Wow. Our experiment is off to a great start—let's see if we can finish it off sooner than expected.
I agree with Brendan Nyhan and others that Ronald Reagan didn't actually change Americans' attitude toward government that much. What's more, to the extent that attitudes did change, it was mainly thanks to a backlash against 70s liberalism that would have happened with or without Reagan.
Still, when Paul Waldman suggests that Reagan's popularity is a myth too, I think he takes a step too far. Reagan is pretty popular! With the exception of our weird ongoing love affair with John F. Kennedy, Reagan and Bill Clinton are routinely chosen in polls as the most popular postwar presidents. Likewise, Reagan and Clinton were basically tied for the highest approval rating when they left office.

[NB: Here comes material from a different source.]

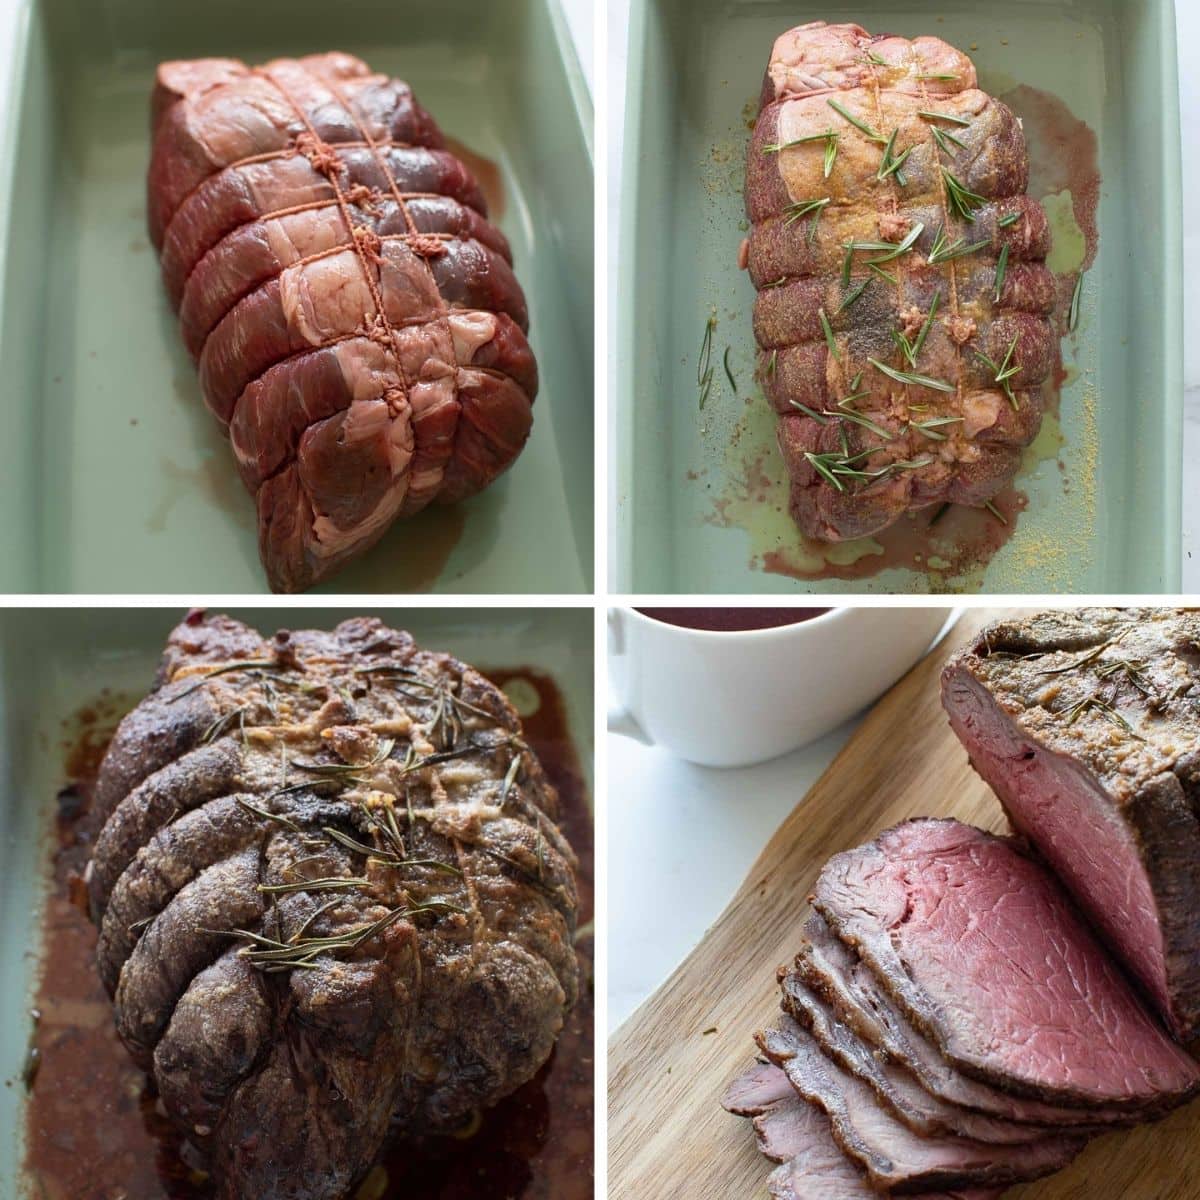 Step by step images showing how to roast topside of beef.

This isn't too hard to understand, either. People mostly associate Reagan with recovery from a lousy economy, they associate him with the fall of the Iron Curtain, and they associate him with rebuilding America's prestige in the world. Maybe this is right, maybe it's not, but it's pretty understandable.

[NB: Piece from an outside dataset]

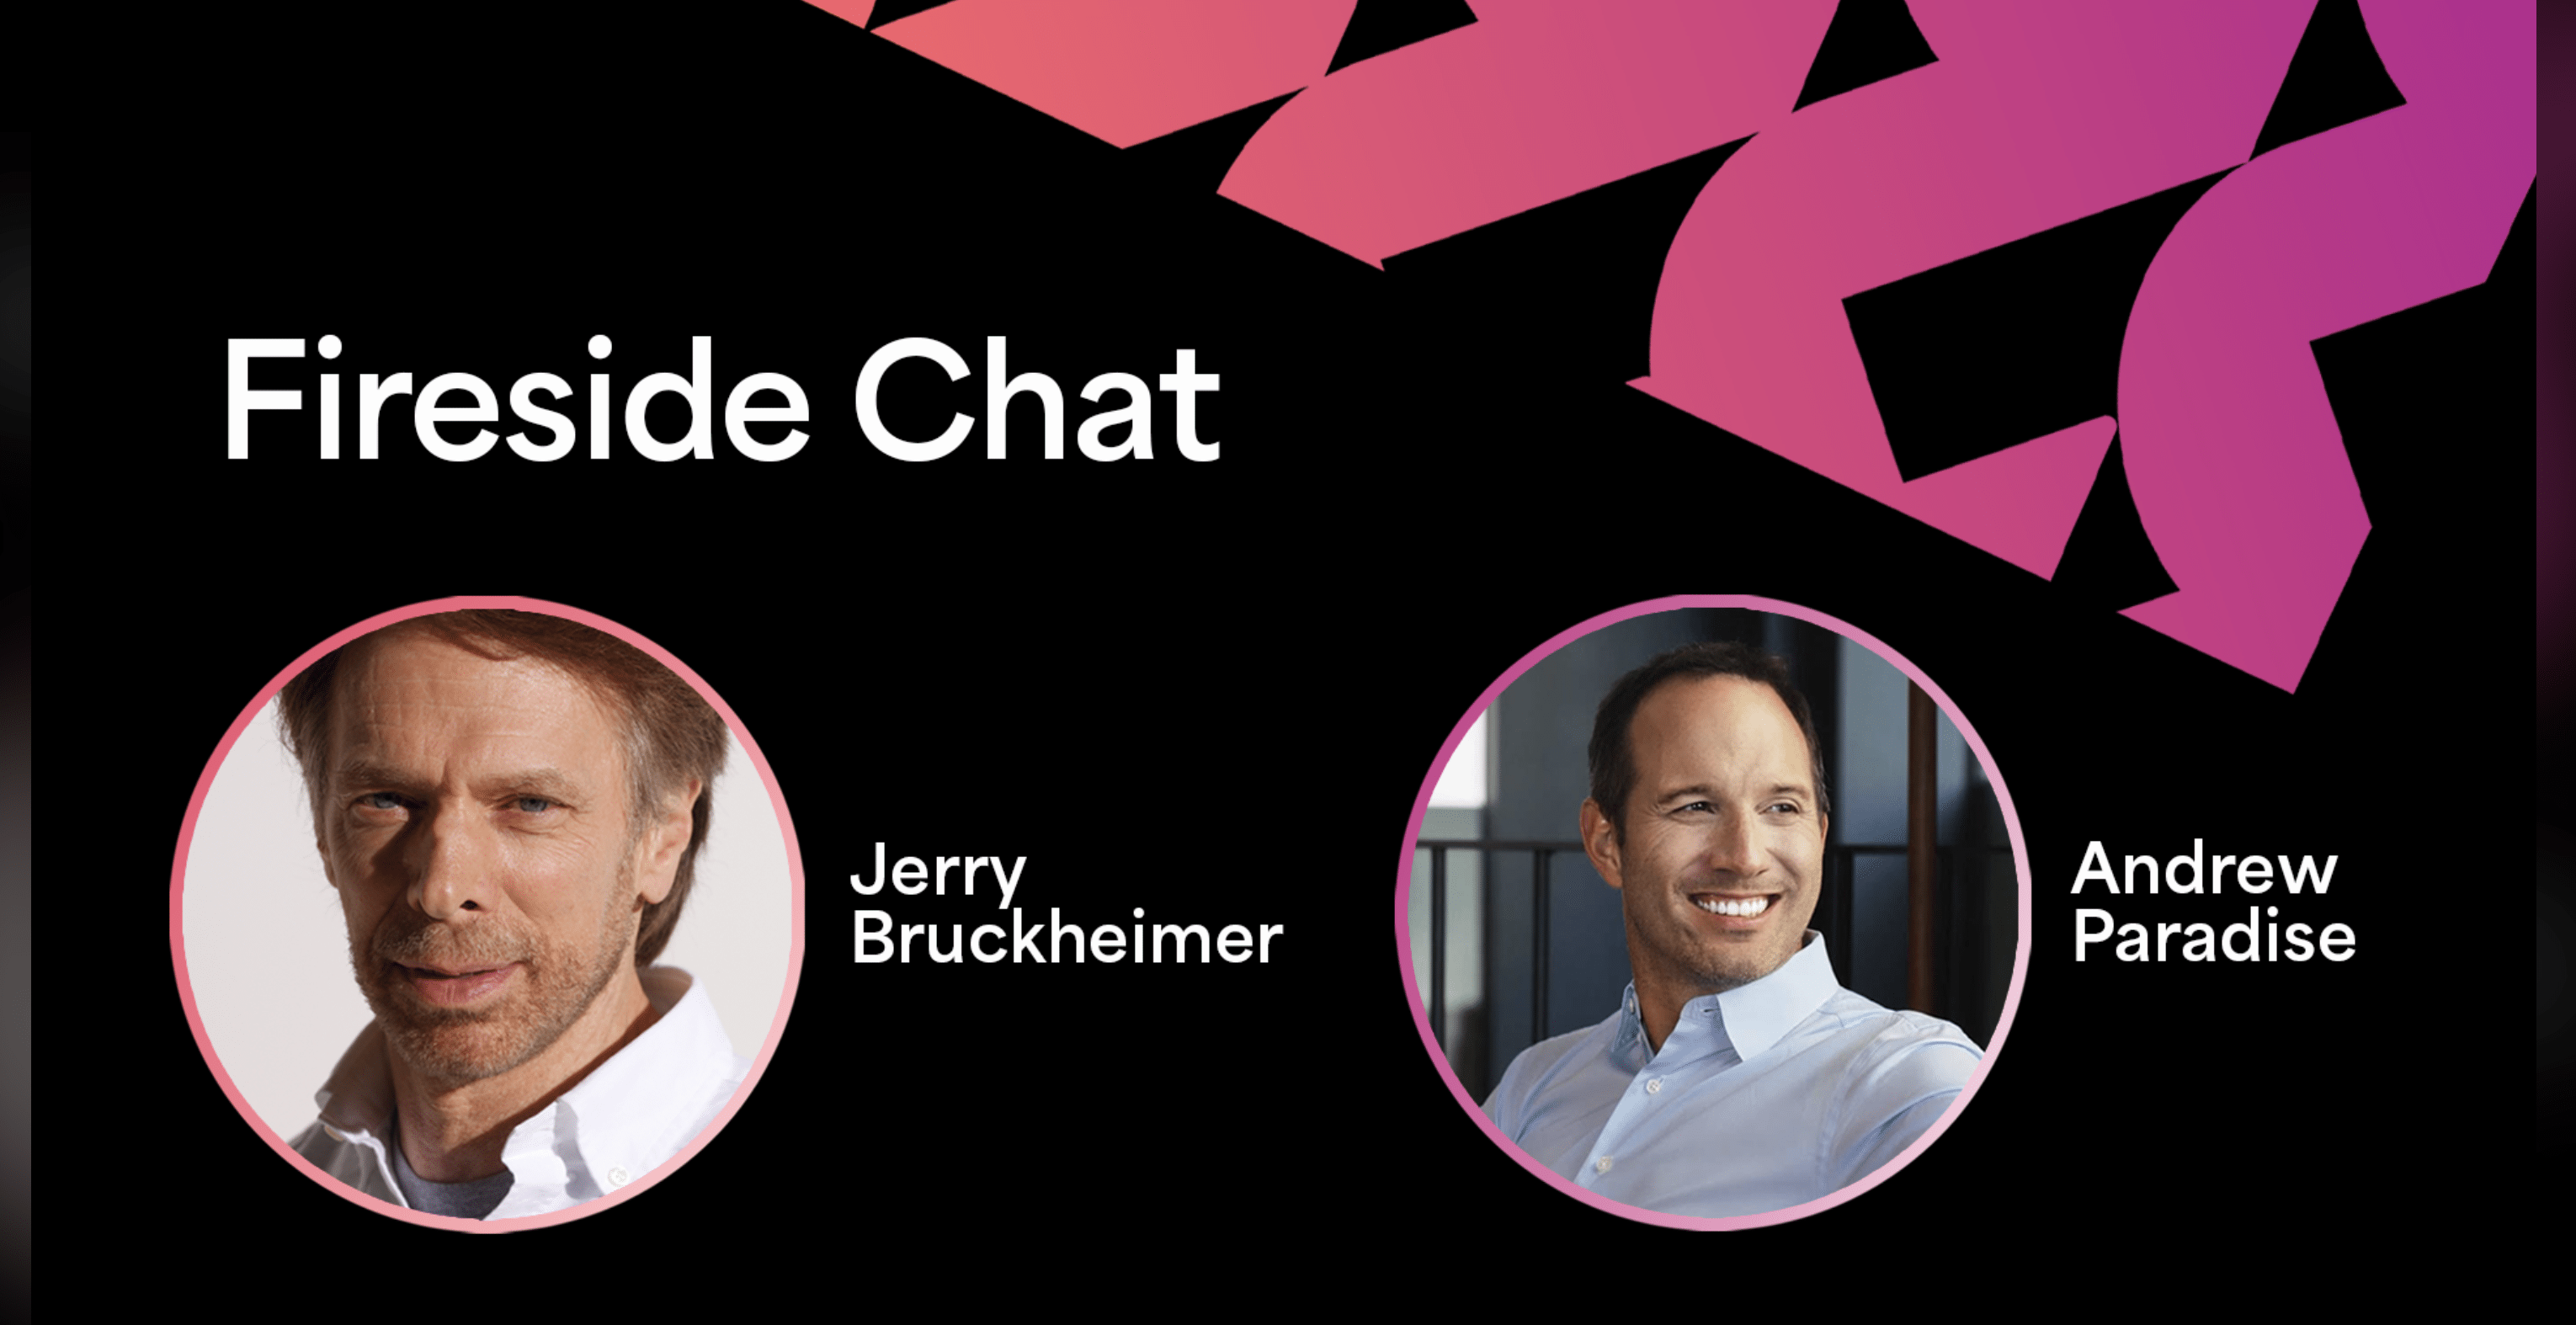 Fireside chat with Jerry Bruckheimer

Generally speaking, even decades later presidents are mostly judged by how they did and how things were going during their last year in office. Things were going great for Kennedy, Reagan, and Clinton, so they're remembered very favorably. Things were going decently for Eisenhower, Ford, and Bush Sr., and they're remembered decently. Things were going badly for LBJ, Nixon, Carter, and Bush Jr., and they're remembered badly. The main exception seems to be Truman, who ended his presidency on a sour note but has since recovered pretty well.
In any case, maybe Reagan deserves his popularity, maybe he doesn't. Still, he's a pretty popular guy.